Medicaid: The budget would cut Medicaid by up to $1.3 trillion over ten years, by building on the reductions present in the American Health Care Act (AHCA) (approximately $839 billion) and adding additional cuts to be achieved by reducing the rate of the federal share within the changed structure of Medicaid to either a per capita cap or block grant. 
As Office of Management and Budget (OMB) Director Mick Mulvaney explained to press earlier this week, “We assume the Affordable Health Care Act that passed out of the House passes. That has some Medicaid changes into it. We wrap that into our budget proposals. We go another half a step further and ratchet down some of the growth rates that are assumed in the AHCA.” [emphasis added]. This affirms the concern that ANCOR and others have expressed over changing the structural mechanism of funding Medicaid, that with a capitated or block grant structure in place, it becomes easier to simply “dial down” the rate, resulting in reduced funding levels year over year. 

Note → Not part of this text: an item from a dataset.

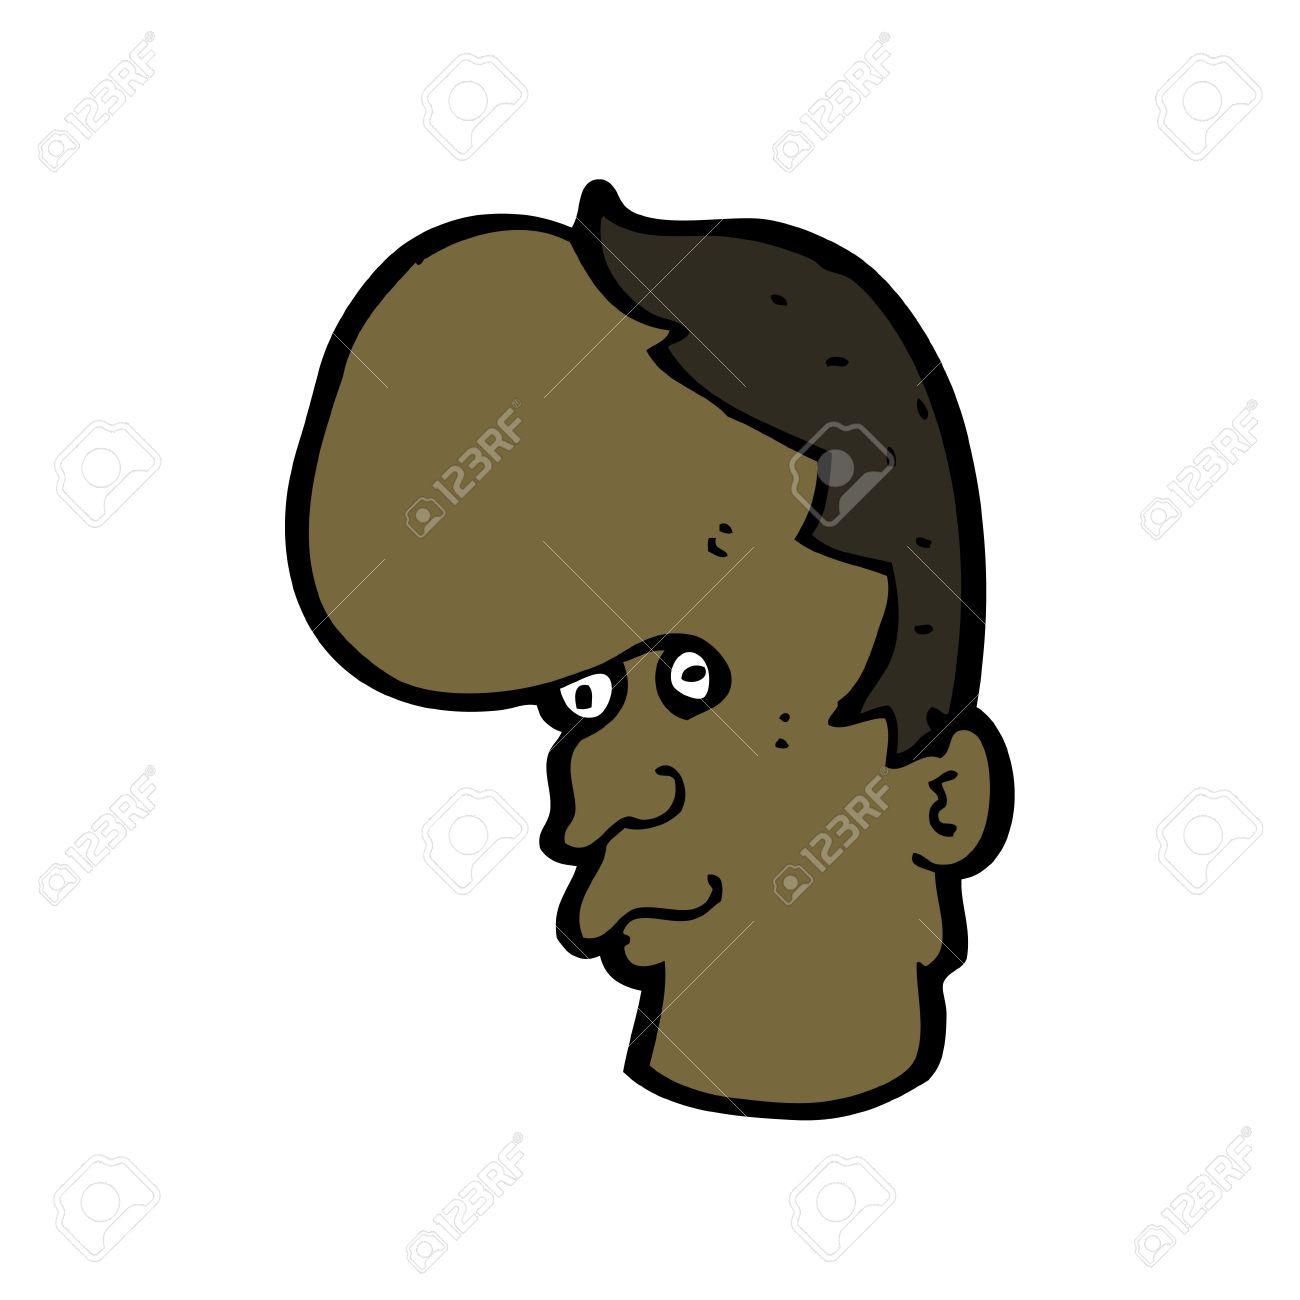 cartoon character of a man with a huge forehead royalty free rh 123rf com big head animated characters big head female cartoon characters

CHIP: The Children’s Health Insurance Program (CHIP) would be extended for two years, through 2019. However, the budget would eliminate the 23 percent enhanced FMAP and maintenance of effort requirements, resulting in a $4.6 billion cut over two years. The total reductions to CHIP spending would be $16.7 billion over ten years.

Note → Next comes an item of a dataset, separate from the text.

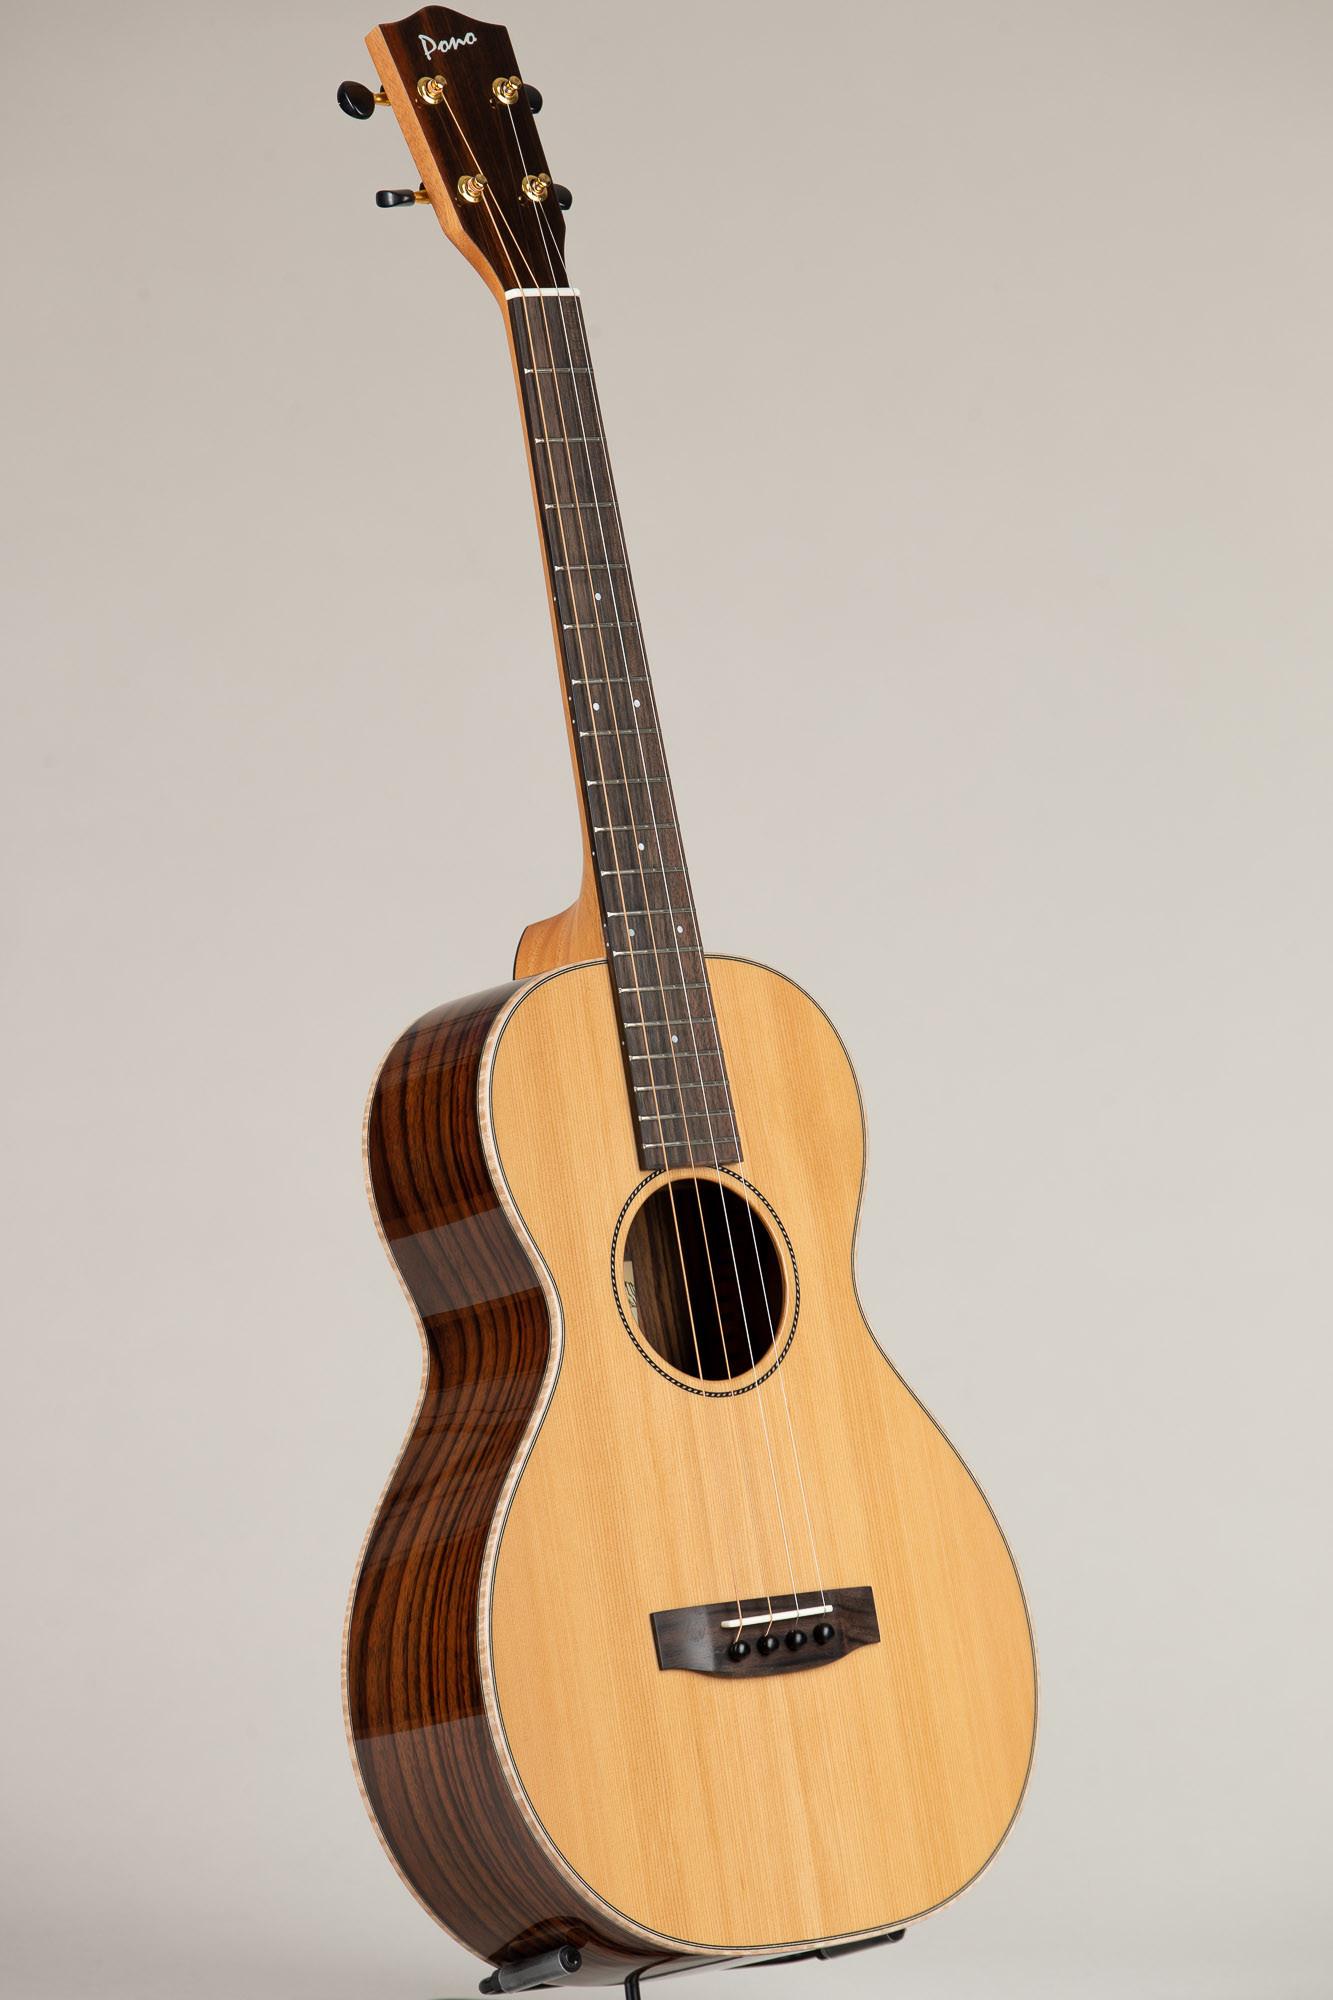 Pono Cedar Rosewood Steel String Baritone (UL4-4 4541)

Social Security: The budget would include significant cuts to Social Security programs, totaling approximately $74 billion over ten years. $50 billion of that would come from a demonstration program run jointly with the Department of Labor which seeks to help disability beneficiaries to return to or stay in the workforce, obviating the need for SSI or SSDI benefits. It also makes changes to the timeframe for retroactive benefits to be paid, the method for recovering overpayments, and imposing a sliding scale on SSI beneficiaries. 

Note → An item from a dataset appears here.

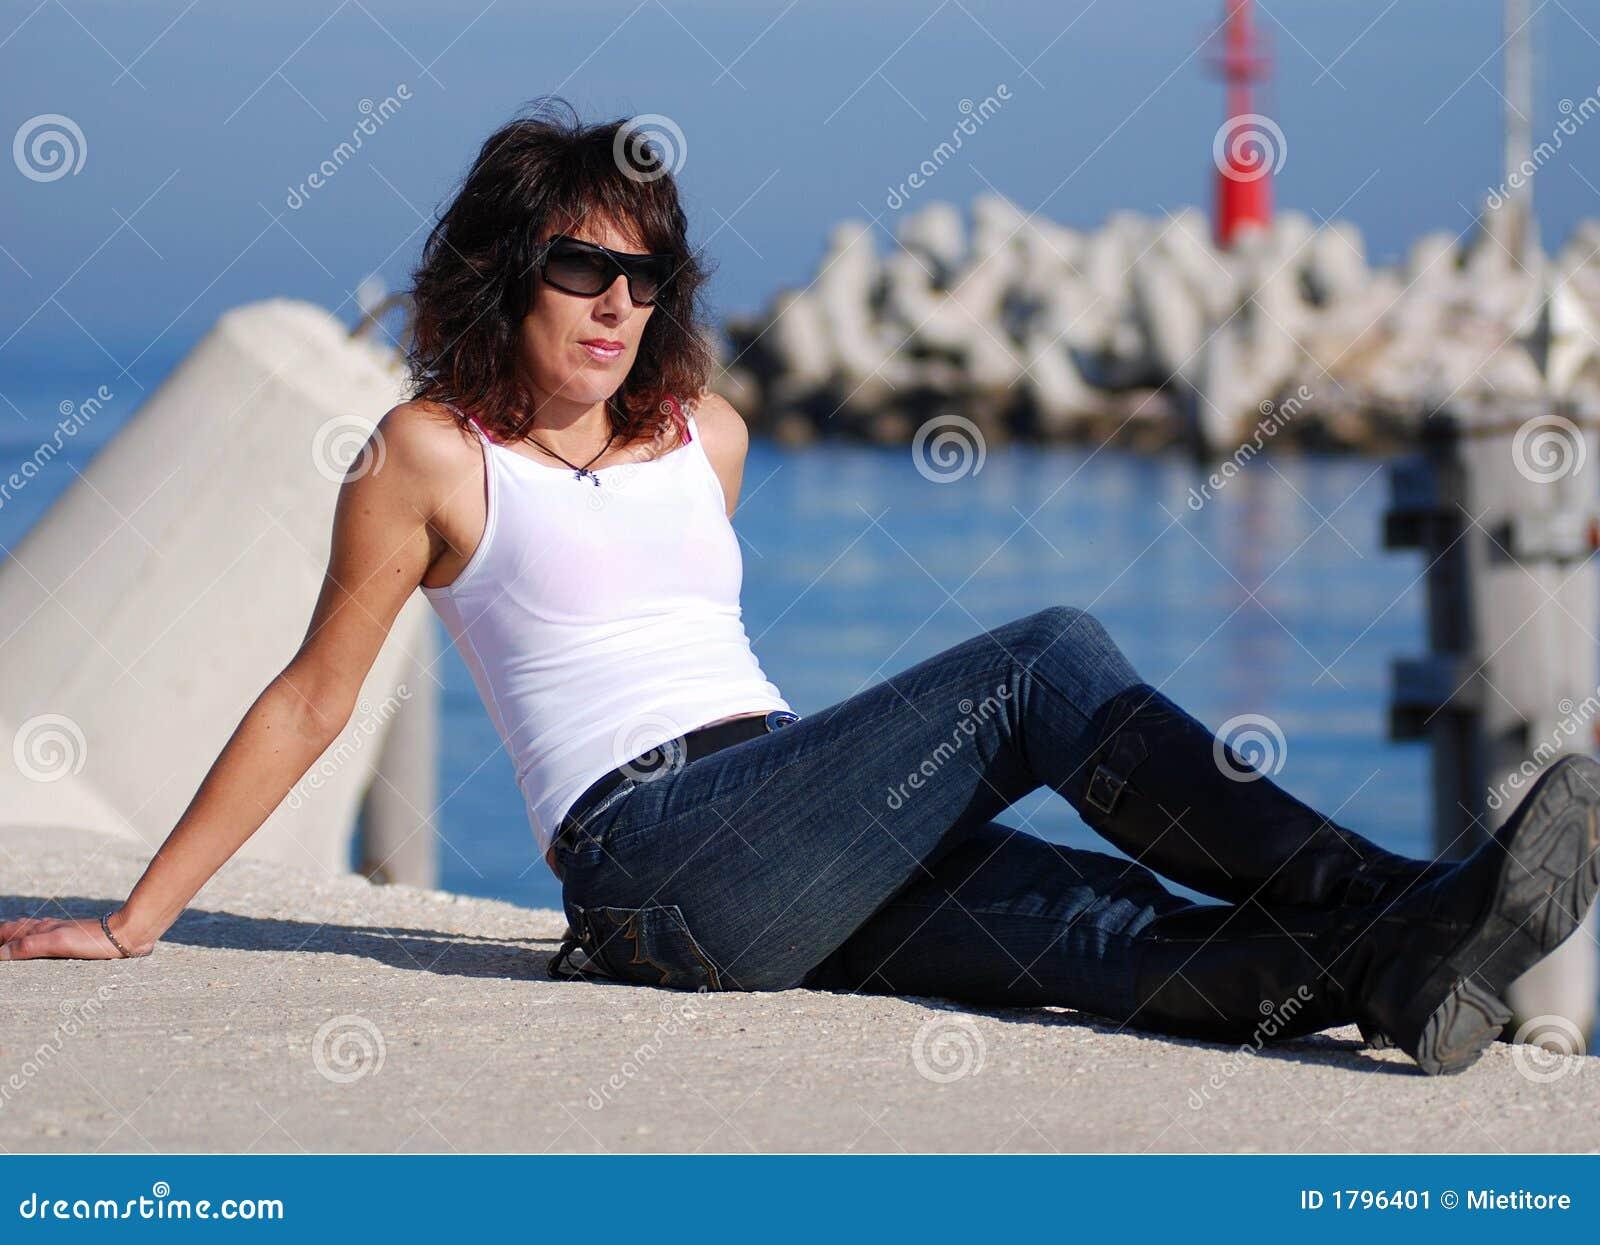 Italian Fashion Woman  Stock Image Image Of Mature - 1796401-6744

SNAP: Funding for Supplemental Nutritional Assistance Program (SNAP) would be reduced by approximately $200 billion over ten years. The budget would “rebalance” the State-Federal partnership for SNAP benefits, requiring a 10 percent match from states beginning in 2020 and increasing to 25 percent by 2023. The budget also includes reforms to “tighten eligibility and encourage work”, including by limiting the Earned Income Tax Credit (EITC) and the Child Tax Credit (CTC) to those who have social security numbers valid to work in the United States. 
Housing: The budget would cut Department of Housing and Urban Development (HUD) by approximately $6.2 billion over ten years. It would cut funding to the Housing Trust Fund, saving $1.12 billion over ten years. However, the budget does retain current funding levels for certain fair housing initiatives.
Office of Disability Employment Policy (ODEP): The budget would reduce funding for ODEP by $10.9 million in 2018. ODEP would join in the demonstration project jointly funded by the Social Security Administration aimed at returning recently ill, injured, or disabled employees to work. The budget directs ODEP to eliminate “less critical” technical assistance grants, but does not go into detail on which grants will be eliminated.